Полночный ключик от чужой квартиры,
Да гривенник серебряный в кармане,
Да целлулоид фильмы воровской.
Речь пойдет о серебряном гривеннике Гривенник — монета в 10 копеек, чеканившаяся из серебра с 1701 до 1930 года.. При первом же прочтении этот гривенник хорошо ложится в текст об амбивалентном, горько-сладком нищенском, но духовно богатом образе жизни и состоянии поэта в начале 1930-х годов. Денежка малая, но блестящая, еще не потраченная, в кармане, обещающая какие-никакие блага; готовый предмет для ряда мандельштамовских мотивов — лишенности, хрупких надежд, игривого, хотя и неустойчивого блеска. Как выясняется при пристрастном, ближайшем рассмотрении, эти свойства действительно присущи гривеннику, причем не только как реальному объекту, но и как объекту признанному и институализованному литературой, отрефлексированному литературно.
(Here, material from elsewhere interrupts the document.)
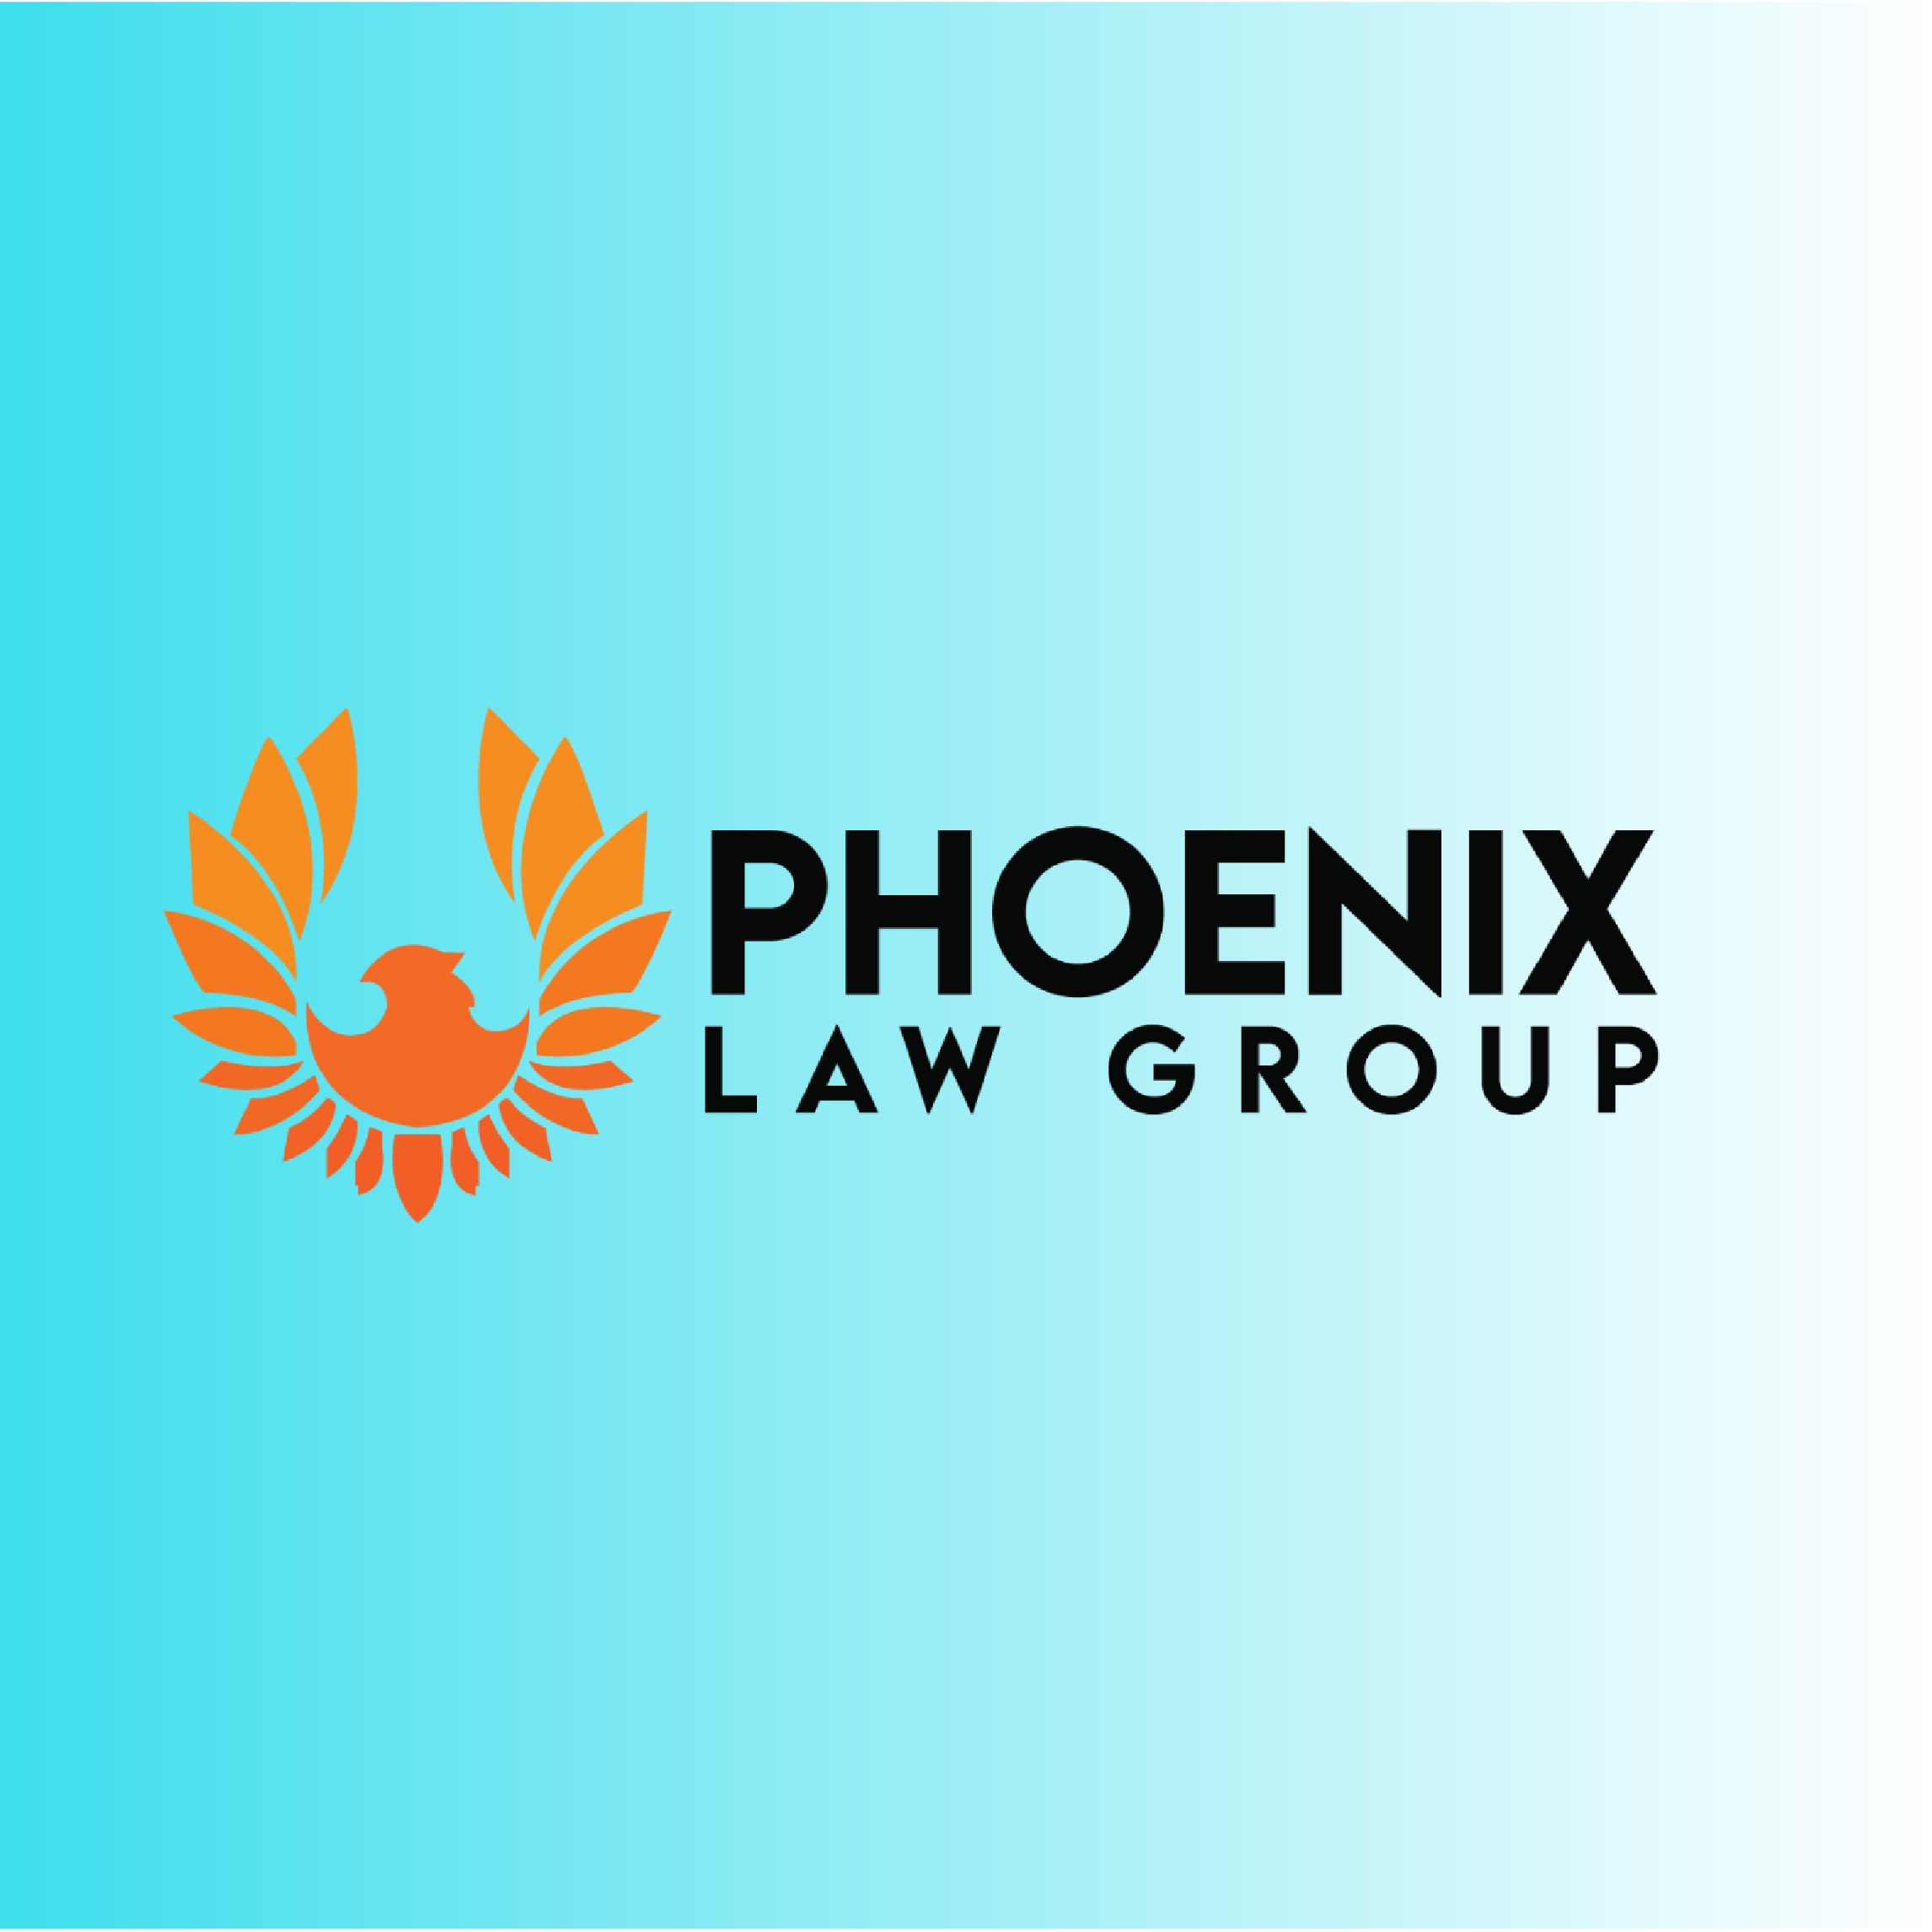 Phoenix Law Logo Design cover image.

В русской поэзии и прозе гривенник регулярно появляется, иногда фигурируя в заглавиях, в качестве стандартной платы за небольшие услуги — поездку на извозчике, трамвае, посещение бани и кино, звонок по телефону-автомату, милостыню, подаваемую нищим и принимаемую нищими. А его нахождение или отсутствие в кармане может воплощать как жадность, так и сохранность, а также возможность траты и даже растраты.
Но это далеко не всё. Оказывается, в 1908 году, когда Мандельштаму было 17 лет, в России вышел перевод французского романа Поля д’Ивуа под названием «Вокруг света с гривенником в кармане». Там условием сюжета было объехать мир, не потратив денег, и таким образом заслужить богатое наследство. Этот словесный образ проник и в русскую прозу — он упоминается, например, в прозе Гайдара. Для Мандельштама же это готовый предмет, покрывающий не только кластер бедности, богатства, блеска, но еще и вечно желанный выход за границу, его тоску по мировой культуре.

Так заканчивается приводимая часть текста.